Techniques for idea generation
The “Classical Invention” approach helps you discover connections by asking questions about your idea. Ask yourself questions about:

  • A physical object: what are its physical characteristics? What sort of structure does it have?
  • Events: exactly what happened? What was the cause? The consequences?
  • Abstract concepts: how do others define the concept or term? How do you define the term?
  • Propositions: what must be established before people believe the proposition? What counter-arguments must be refuted?

Even more techniques

  • The journalistic six (who, what, when, where, why, how?)
  • Historical examination
  • Block busting
  • Uses for
  • Improvements to
  • What-iffing
  • Reversal
  • Analogy and metaphor
  • Trigger concepts
  • Checklists
  • and many more!
For explanations, visit http://www.virtualsalt.com/crebook2.htm.Brainstorming tips from Ideo

Silicon Valley-based Ideo has sparked some of the most innovative products of the past decade – the Apple mouse, the Polaroid I-Zone Pocket Camera, and the Palm V, among others. But Ideo staffers don’t just sit around waiting for good ideas to pop into their heads. The company has institutionalized a process whereby ideas are coaxed to the surface through regular, structured brainstorming sessions. At Ideo, idea-generation exercises are “practically a religion,” product development manager Tom Kelley says. Here’s a short list of tips from the pros:

  1. Sharpen the focus
    Start with a well-honed statement of the problem at hand. The best topic statements focus outward on a specific customer need or service enhancement rather than inward on some organizational goal.
  2. Write playful rules
    Ideo’s primary brainstorming rules are simple: “Defer judgment” and “One conversation at a time.” The firm believes in its rules so strongly that they’re stenciled in eight-inch letters on conference-room walls. “If I’m the facilitator and somebody starts a critique or people start talking, I can enforce the rules without making it feel personal,” Kelley says.

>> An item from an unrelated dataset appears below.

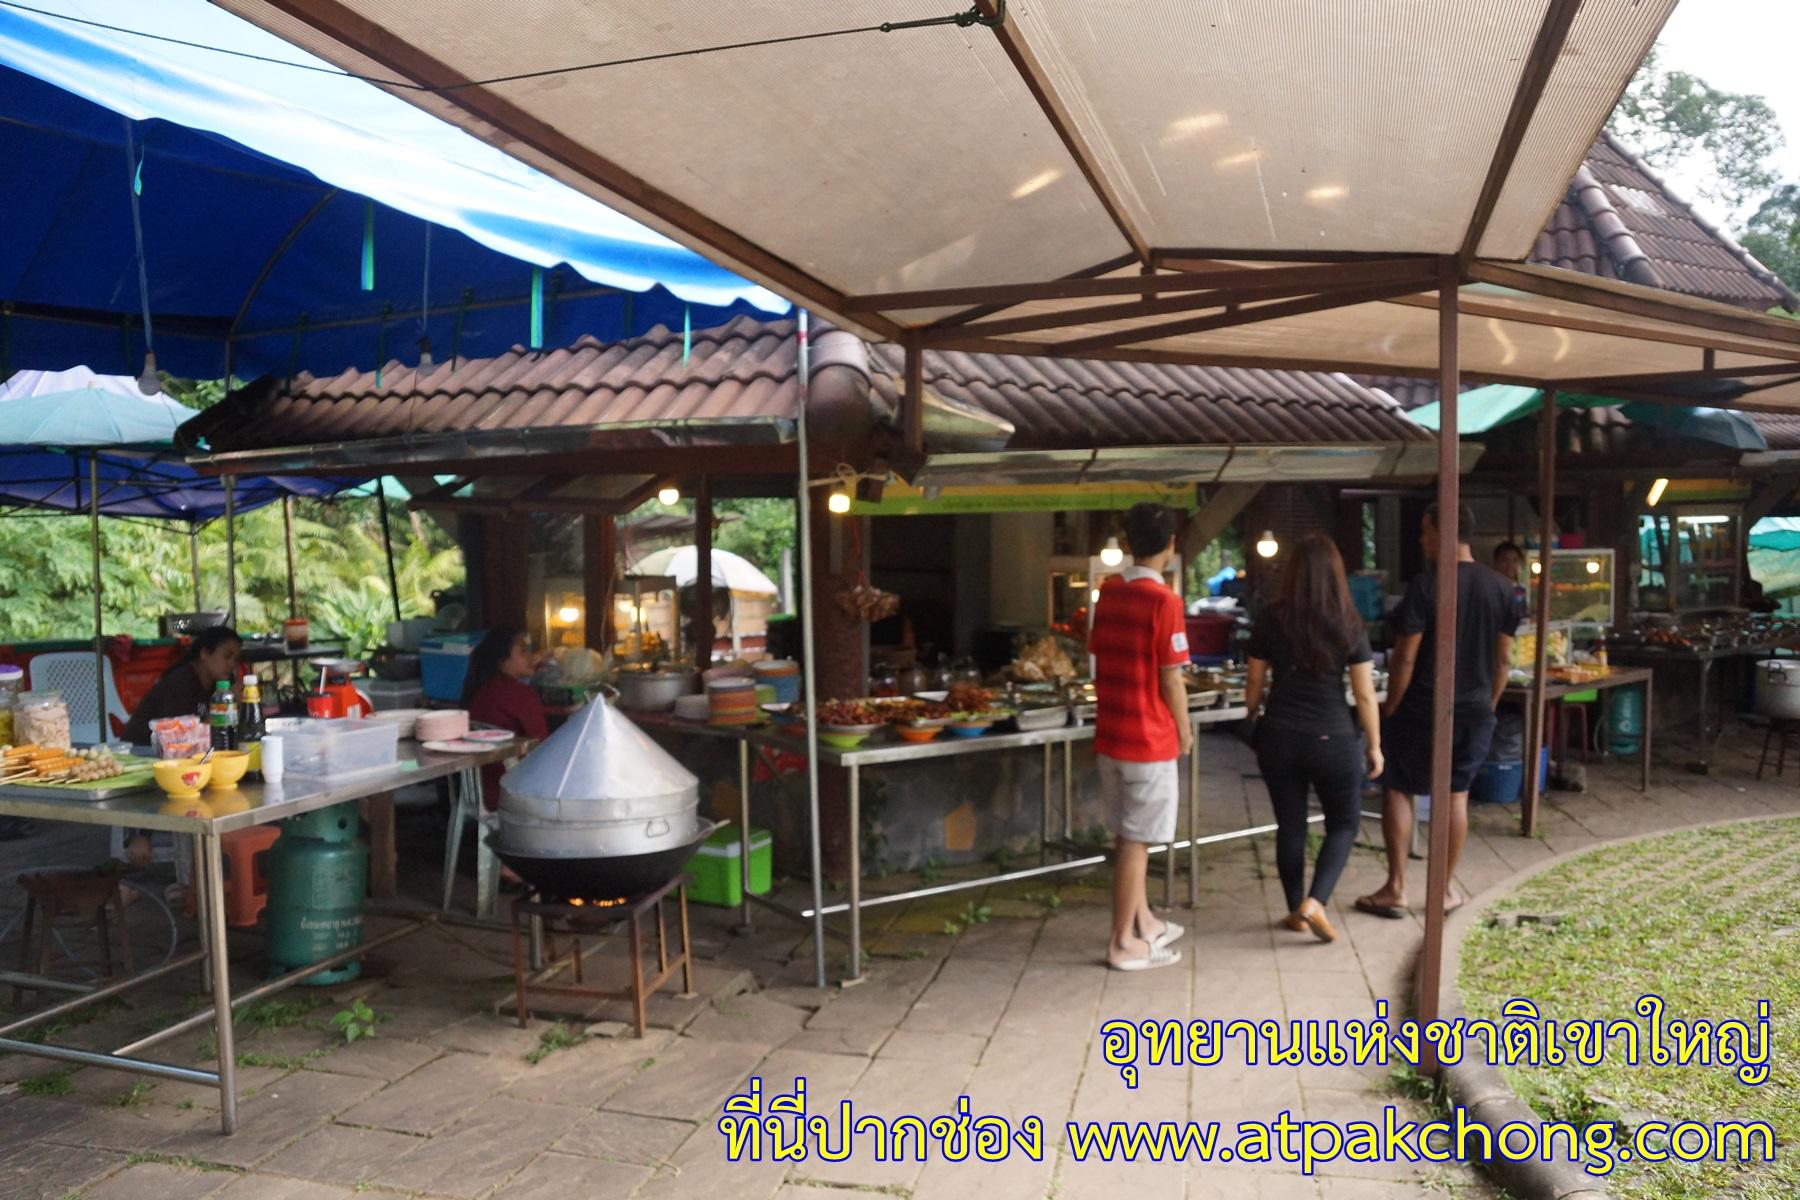 ร้านอาหาร สำหรับจำหน่ายให้นักท่องเที่ยว อุทยานแห่งชาติเขาใหญ่
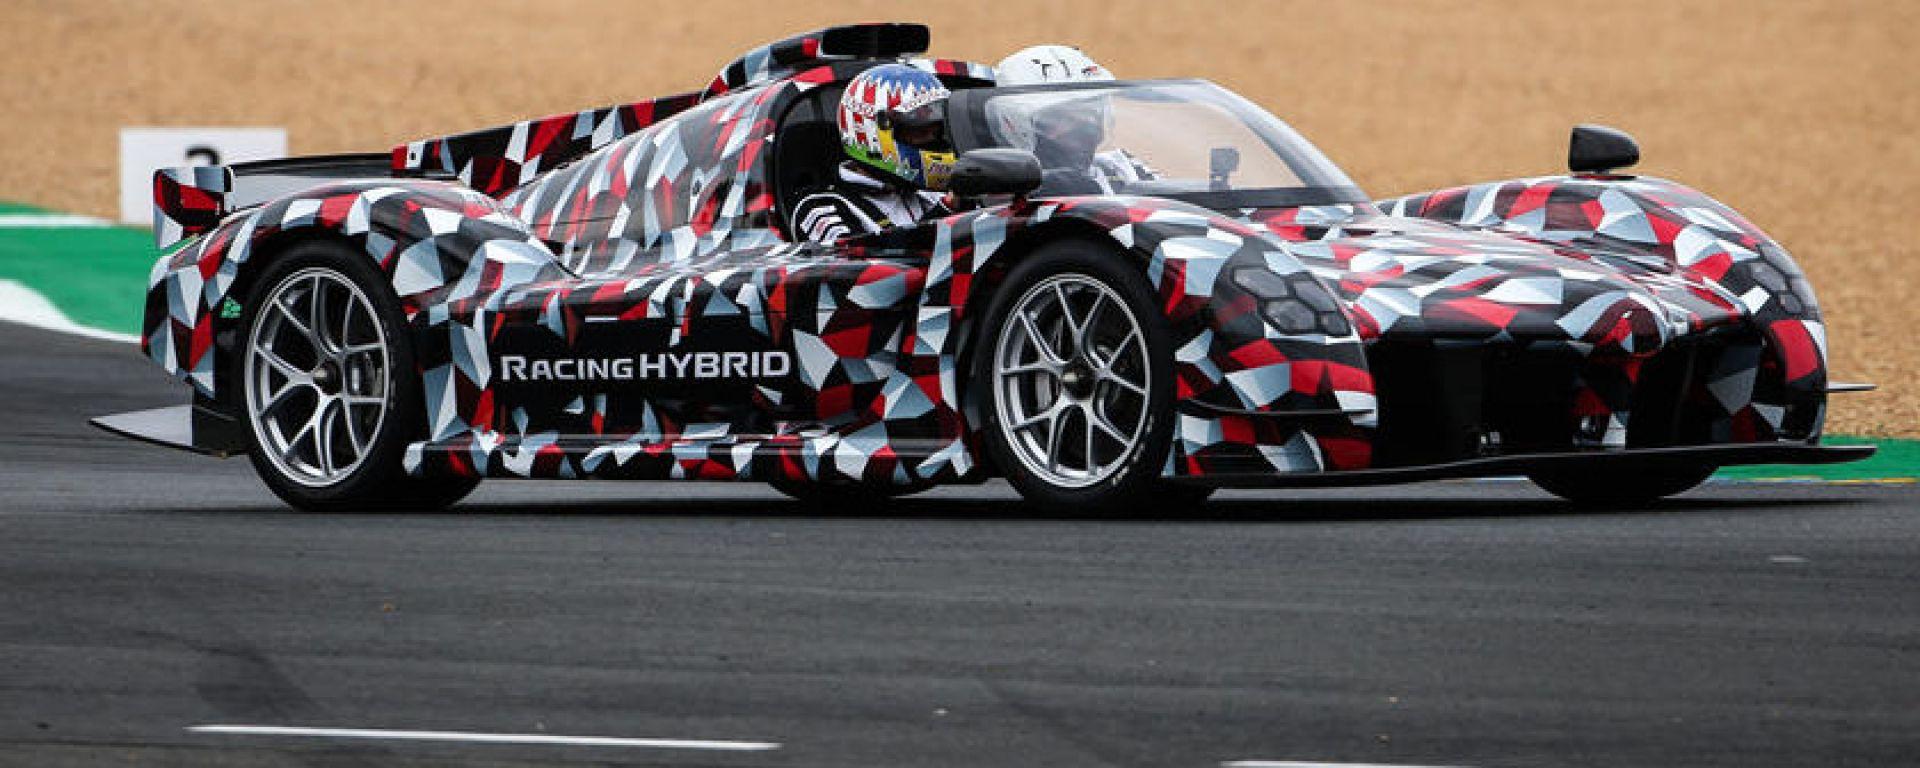 Nuova hypercar Toyota: ci siamo quasi per il debutto della due posti griffata Gazoo Racing

Other rules include, “Go for quantity,” “Be visual,” and “Encourage wild ideas.”
  3. Build and jump
    Most brainstorming sessions follow a power curve: they start out slowly, build to a crescendo, and then start to plateau. The best facilitators nurture the conversation in its early stages, step out of the way as the ideas start to flow, and then jump in again when energy starts to peter out.
  4. Get physical
    At Ideo, brainstorming sessions are often occasions for show-and-tell. Participants bring examples of competitors’ products, objects that relate to the problem, or elegant solutions from other fields as springboards for ideas. Ideo also keeps materials on hand – blocks, foam core, tubing – to build crude models of a concept.